Welcome back! I’m sure some of you noticed a slow-down during the weekend as our ‘Building a High-Performance Web Server’ article got linked by a number of popular other sites, including Slashdot.org
. Naturally the server was getting a serious workout as hordes or people, thousands at the same time, tried to access the article’s pages. We pulled through alright though but not without some extra work at the console.
To be honest I was actually amazed we kept on running as for example Tom's Hardware is usually unreachable when they're Slashdotted. For comparison, they got a rack full of servers and quite possibly a load balancer in front. We just got one single box, so do the math.
But the problems were all software related and Apache took the bulk of it. The problem with Apache is that the per-connection overhead is too high. It's a couple Megs per connection generally, and if you use keepalives (enabled by default), then each connection process will by tied up for as long as 30 seconds after the request has been completed.
Additionally, since Apache works with a pool of individual processes to handle connections, there is no way to have a global shared resource between all processes. So, in the case of your database connections, you have a 1:1 relationship between db connections and HTTP processes. The result is that you have HTTP processes with open db connections serving images and so forth that don't even need db links. So, you end up using a lot more db connections than you actually need.

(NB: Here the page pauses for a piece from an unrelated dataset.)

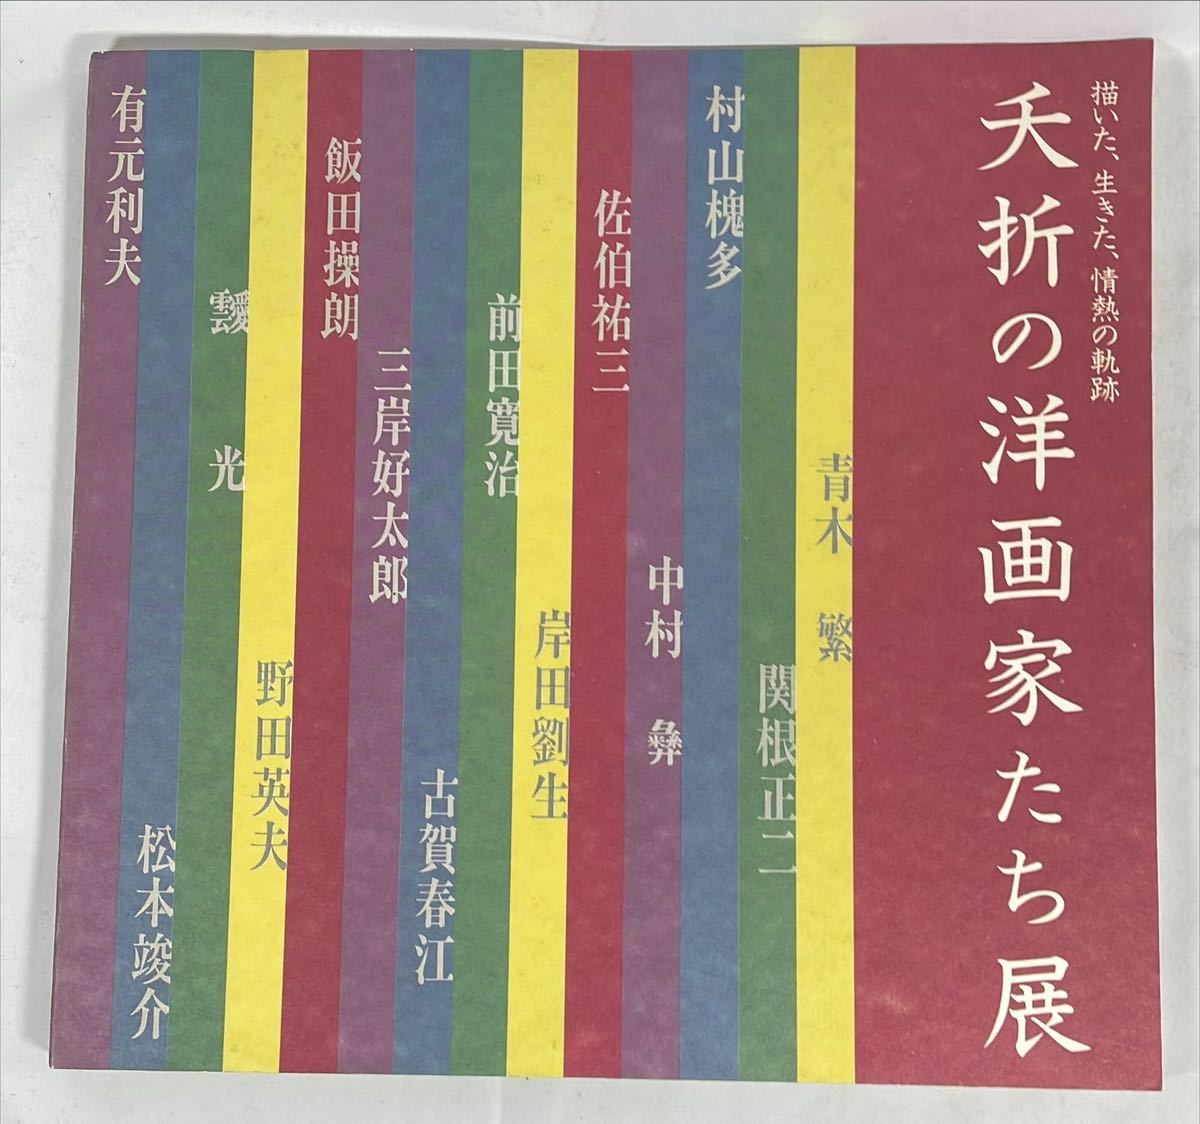 夭折の洋画家たち展　描いた、生きた、情熱の軌跡　編集・発行:日本経済新聞社　1993年_画像1

The thing we need to do to be able to handle such loads in the future is change from Apache to something that uses a worker thread model within a single process. Apache 2.0 may be setup to work like this, but I think it uses a hybrid model that still uses processes for dynamic stuff like PHP. Apache 2.0 will definitely help a little, though.

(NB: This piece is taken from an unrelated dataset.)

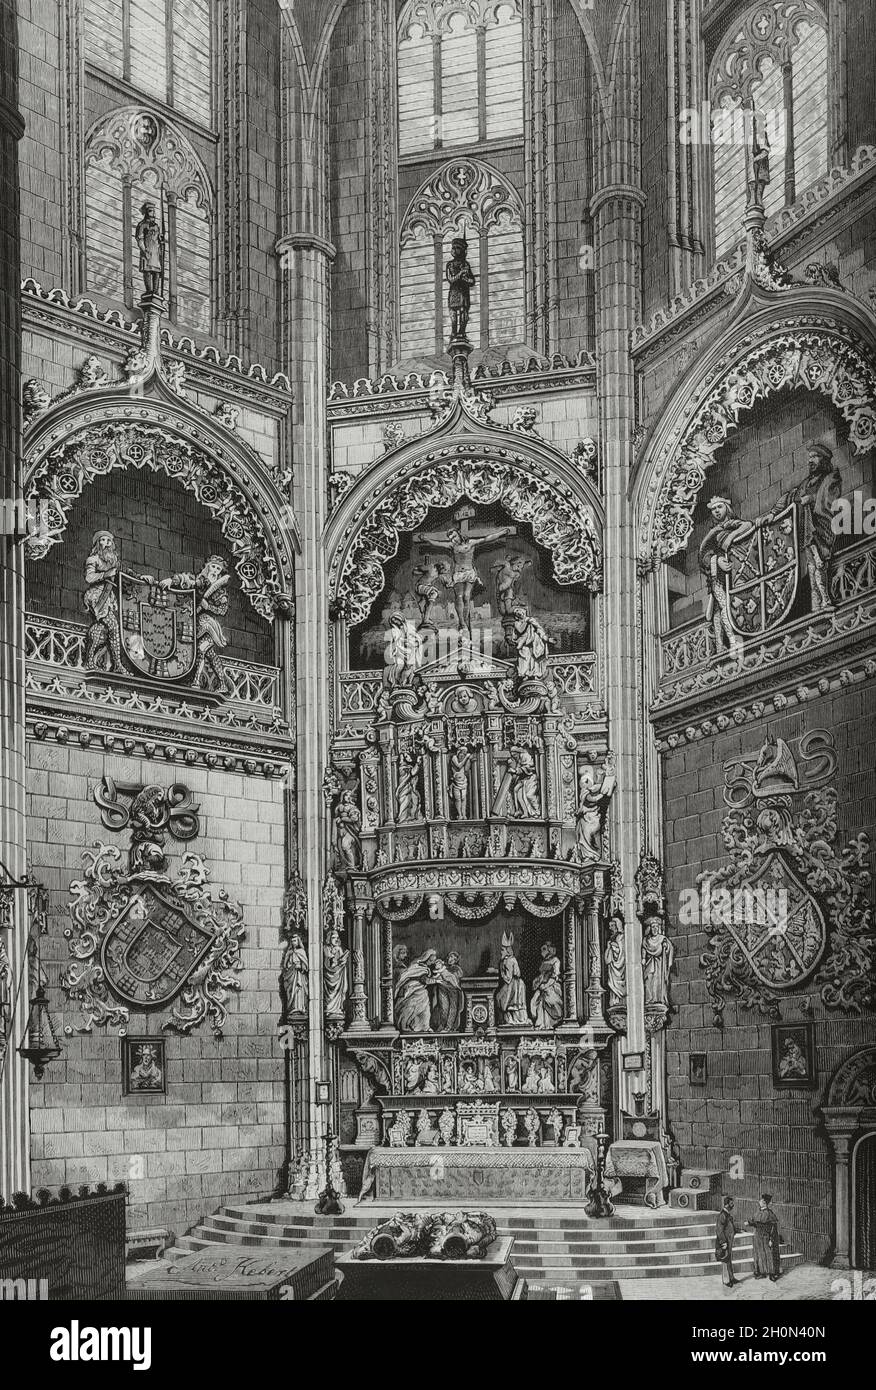 Spanien, Burgos. Kathedrale. Die Kapelle Der Konstantin. Bestattungskapelle im extravaganten gotischen Stil. Der Bau wurde von den Constables of Cas in Auftrag gegeben Stockfoto

But anyway, what's also happening is that MySQL is only able to handle so many requests and then you're getting HTTP processes piling up waiting for it. So if we can cut down on the number of requests per page that will make a pretty significant difference when spread across thousands of users.

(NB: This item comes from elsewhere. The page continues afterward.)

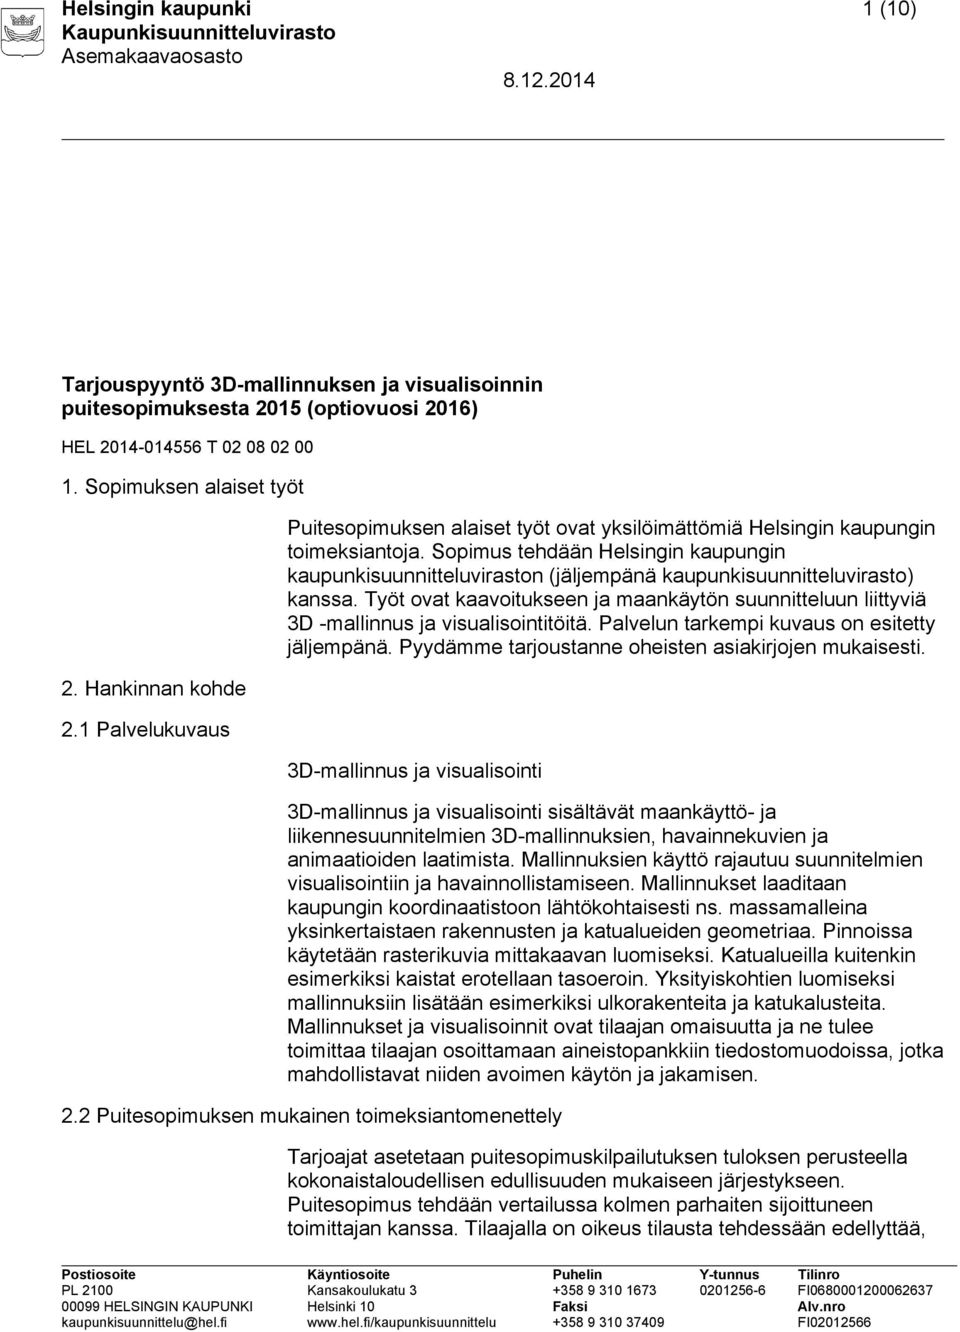 Sopimus tehdään Helsingin kaupungin kaupunkisuunnitteluviraston (jäljempänä kaupunkisuunnitteluvirasto) kanssa.

So yes, I think the Apache keep-alives ‘did us in’ for the most part and the pool of child processes you create becomes unmanageable at some point with many 1000s of connections at the same time. The worst part is that optimizations such as this can't be found in the manual, you'd need to have been in the 'trenches' to know about things like this. Fortunately we have a great team and Vitaliy, our CTO, is really on top of things, and actually had a great time this weekend, or as he put it ‘this is better than simulation’.
Overall I’m more than happy with the performance of the server, it was never designed to handle such loads, and yet it kept on running, it never faltered and it certainly did not turn into a smoking heap of rubble as some suggested. We just were a little slow with serving out those pages and must’ve been unreachable to some with a slower connection.
If anybody else has some additional comments or insights I’d be happy to discuss this further, or go into greater detail. After all we’re all here to learn right?